When England last won the Ashes in Australia, a substantial part of that success was down to the weight of runs contributed by a tall, left-handed, opening batsman. His son, a major part of England’s current side, has spent a large part of this test, and the last, watching another tall, left-handed, opening batsman batting better than he ever has before.

Chris Broad, father of Stuart, scored 487 runs in the 1986/87 Ashes series, including three centuries. Alistair Cook – big, not as bad, but much better than Stu’s dad – has already scored 438 runs in the 2010/11 series, broken countless records, and could pass Broad Senior’s run tally tomorrow morning in just his third innings. He’s only been dismissed the once in over 1,000 minutes of batting.

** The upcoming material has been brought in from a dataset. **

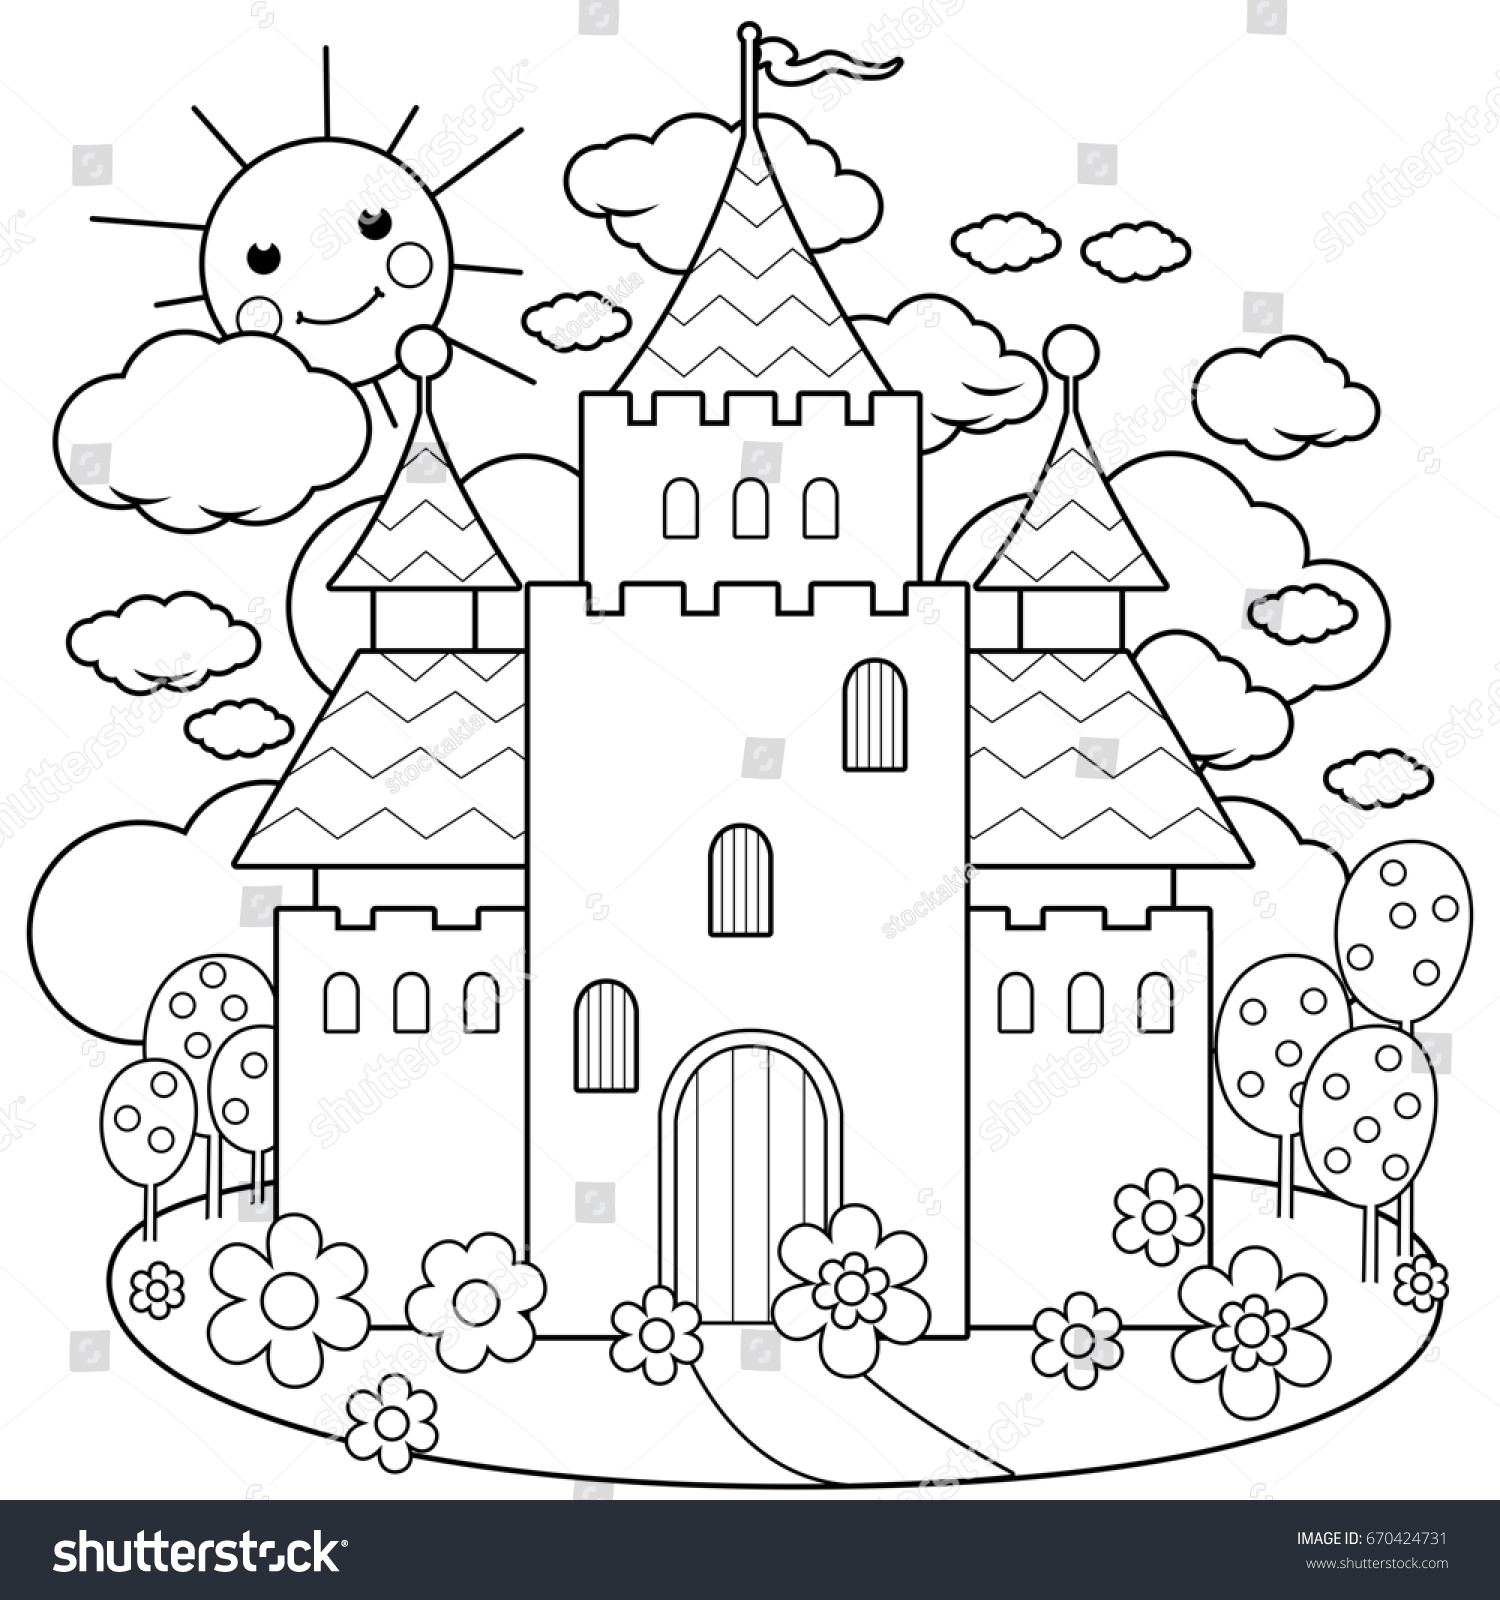 Beautiful Fairy Tale Castle Black White Stock Illustration 670424731 ...

Australia’s day actually started quite brightly, with Andrew Strauss generously leaving a straight delivery from Doug Bollinger that removed his off bail. That was as good as it got for them, however, they returned that generosity in spades. Good England batting, bowling no better than Brisbane and dropped catches allowed Cook, Jonathan Trott and Kevin Pietersen to pile on the runs and the agony for Ricky Ponting.

Bollinger and Ryan Harris have toiled hard, but haven’t added the cutting edge that was badly missed at Brisbane, while England’s batsmen have not allowed the spinner Xavier Doherty to settle. There is a hint of turn already, and Marcus North got at least one delivery to turn sharply out of the footholes.

England are 72 runs ahead at the end of day two. England’s job is to keep batting, grind the Aussie’s already dog-tired bowlers even further into the dirt and aim to have a lead of 500 by lunchtime on day four. With another day of near 40 degree heat, it will be prime opportunity for Swann to attack, attack and attack some more with men around the bat.